Sizing is another comfort factor. While most suppliers offer a range of glove sizes, some are tweaking the formula to fit a wider variety of hand sizes – for example, offering larger-size, hand-specific gloves, or gloves with extra-wide palms.
Finally, while most cleanroom gloves are designed to protect the sensitive cleanroom environment from contamination by workers, workers themselves may need protection from chemicals, acids or other hazards in the environment. Don’t forget to consider a glove’s protective properties during your evaluation.
- Demand certification. Consistently superior performance is not an option. Make sure the glove you choose is not only of the highest quality, but that it also stays within a reasonable variance of that level over time. Lot consistency should be ensured from raw materials through processing.
Acceptable Quality Level (AQL) is one piece of important data to consider. This refers to the probability of having defective gloves within a lot. The lower the AQL number, the lower the probability of defective gloves. While ASTM sets an AQL of 2.5, some glove suppliers exceed that standard to provide gloves with fewer pinholes and thus, a greater level of barrier protection.
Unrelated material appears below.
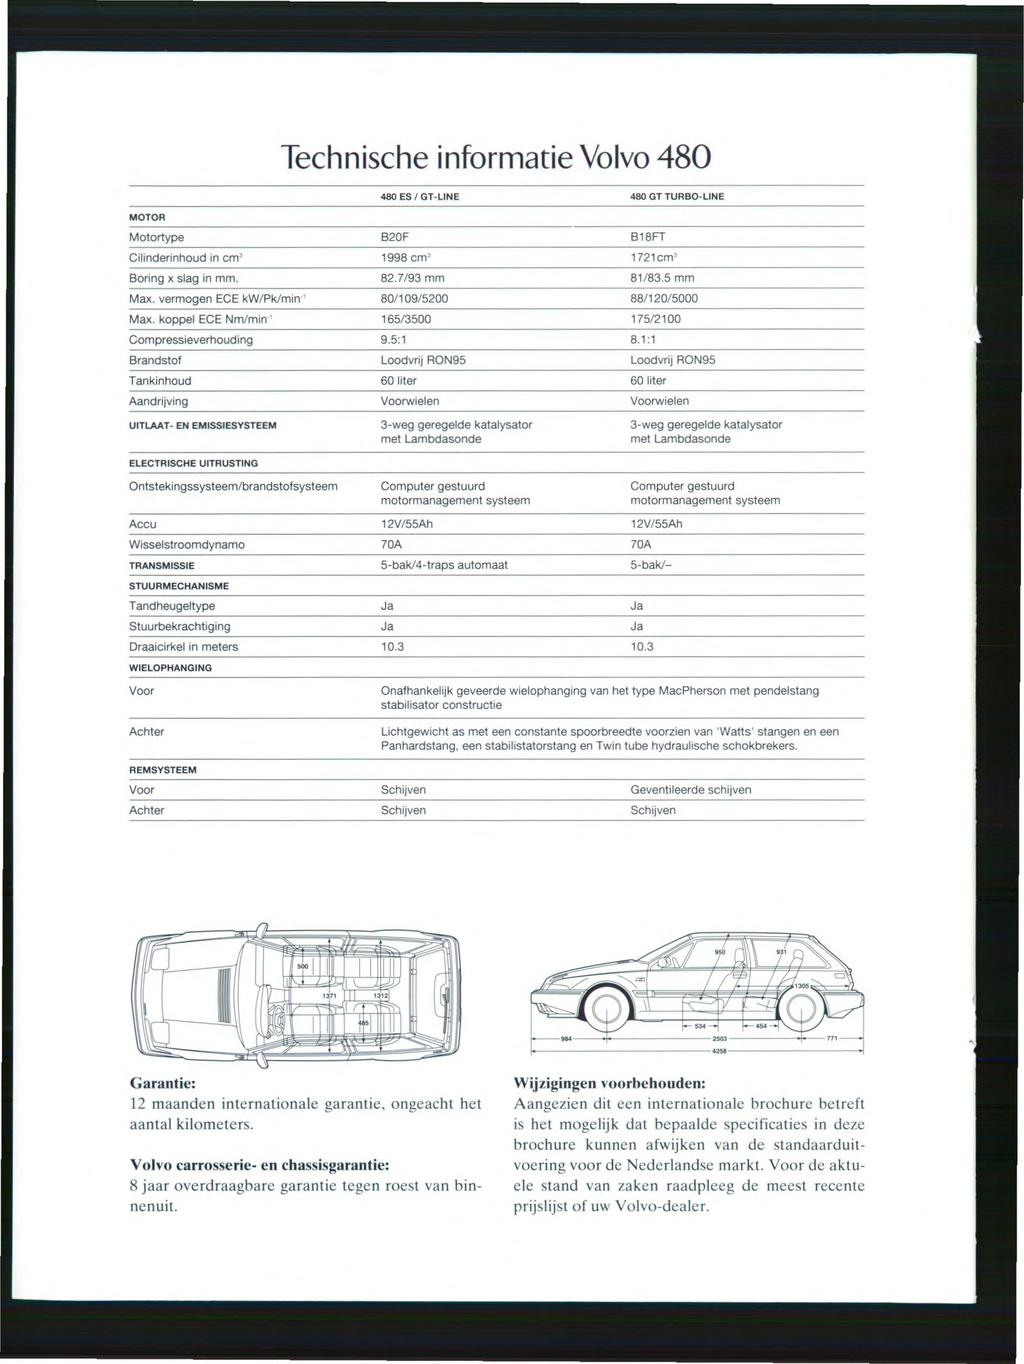 Technische informatie Volvo 480 480 ES/GT-liNE 480 GT TURBO-LiNE MOTOR Motortype 820F Cilinderinhoud in cm 3 '998 cm' Boring x slag in mmo 82.7193 mm Max. vermogen ECE kw/pkimin- 1 80/109/5200 Max.

Make sure your glove supplier can provide certificates of analysis with particle counts, extractable counts and other important data for each lot of product; trend data; specification sheets; and certificates of irradiation. Some suppliers make this information easily accessible 24/7 on their web sites, after plugging in the glove’s lot number. Actual data is better than average data, because it reflects consistency in quality manufacturing.
- The proof is in the packaging. Cleanroom design, operator procedures, correct cleaning and sanitization are critical when it comes to cleanrooms, but if incoming items are not controlled, cleaned and monitored, the contamination will walk right in. So pay special attention to how and where gloves are packaged. Are the gloves packaged in a cleanroom environment? Are they double-bagged to ensure cleanliness? The cleaner the cleanroom, the more important it is for gloves to be packaged entirely in plastic bags, including the inner wallet. Gloves for less stringent cleanrooms may use coated paper in the individual pair packages.
Sterile gloves must be suitably packaged for aseptic donning (applying the glove without breaking the sterile field). This is easier to do if the gloves come in packaging that opens properly. Sterile gloves should be packaged in pouches that open up so the left and right gloves are easily donnable.